_Stored data:_
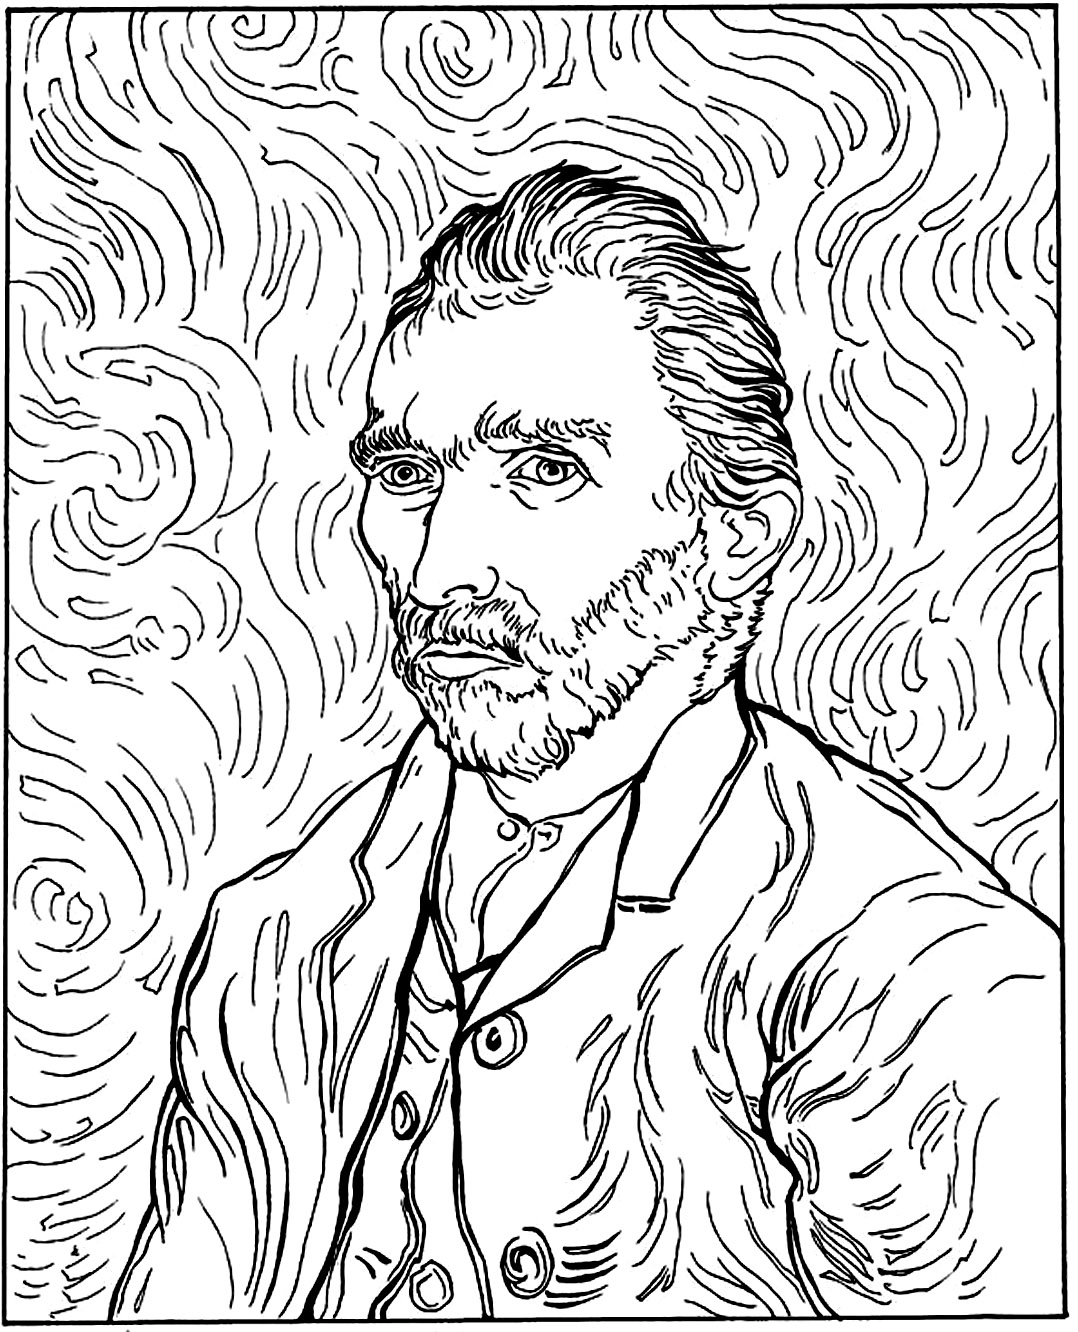 Van Gogh - Autorretrato (1889). Cor de Vincent Van Gogh num dos seus famosos auto-retratos, pintado em 1889.Sabia que? Van Gogh vendeu apenas um quadro durante a sua vida e só se tornou famoso após a sua morte.
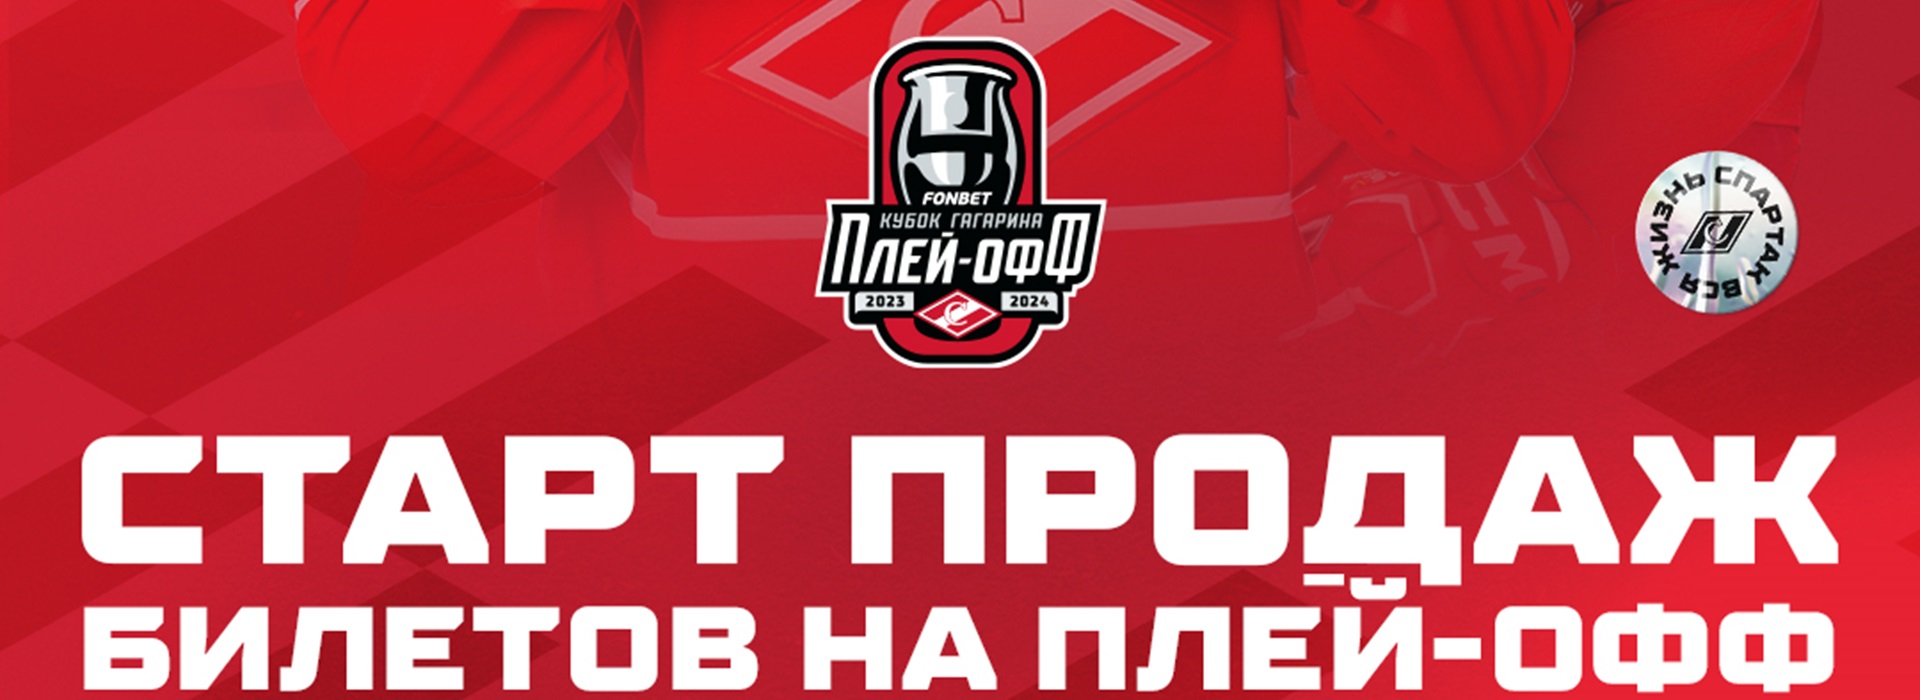 ХК «Спартак» начинает продажу билетов на матчи плей-офф!
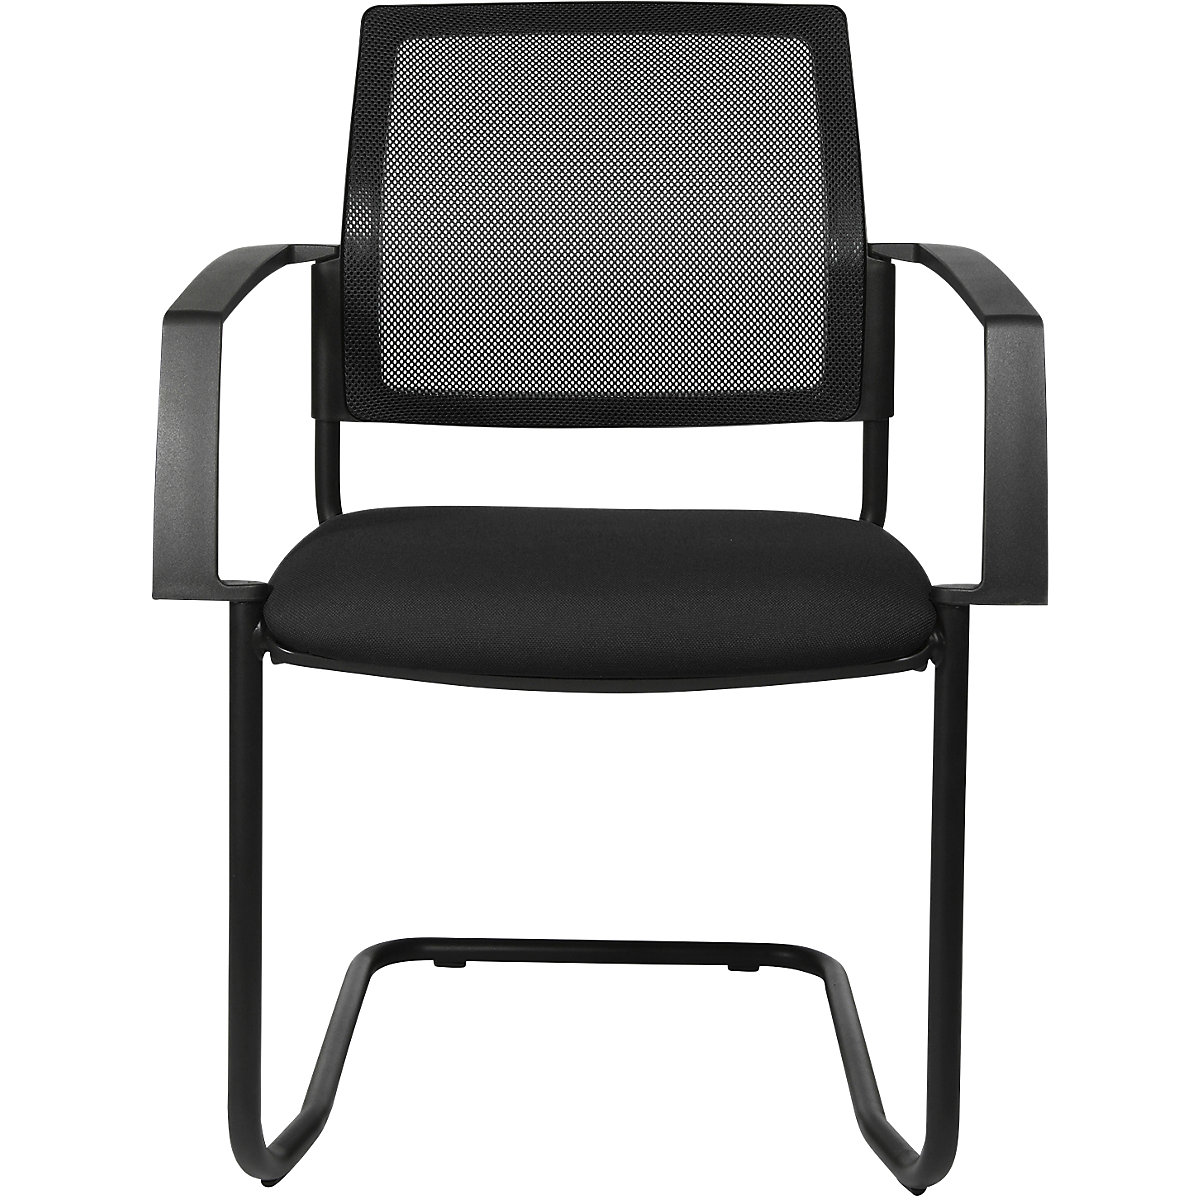 Složiva stolica s mrežastim naslonom – Topstar, konzolna stolica, pak. 2 kom., sjedalo u crnoj boji, postolje u crnoj boji

_How to complete this task:_ Restate, line by line and word for word, everything from the top of the material through the line that contains "на матчи плей-офф!". Leave pictures out.

_Task solution:_
 Van Gogh - Autorretrato (1889). Cor de Vincent Van Gogh num dos seus famosos auto-retratos, pintado em 1889.Sabia que? Van Gogh vendeu apenas um quadro durante a sua vida e só se tornou famoso após a sua morte.
 ХК «Спартак» начинает продажу билетов на матчи плей-офф!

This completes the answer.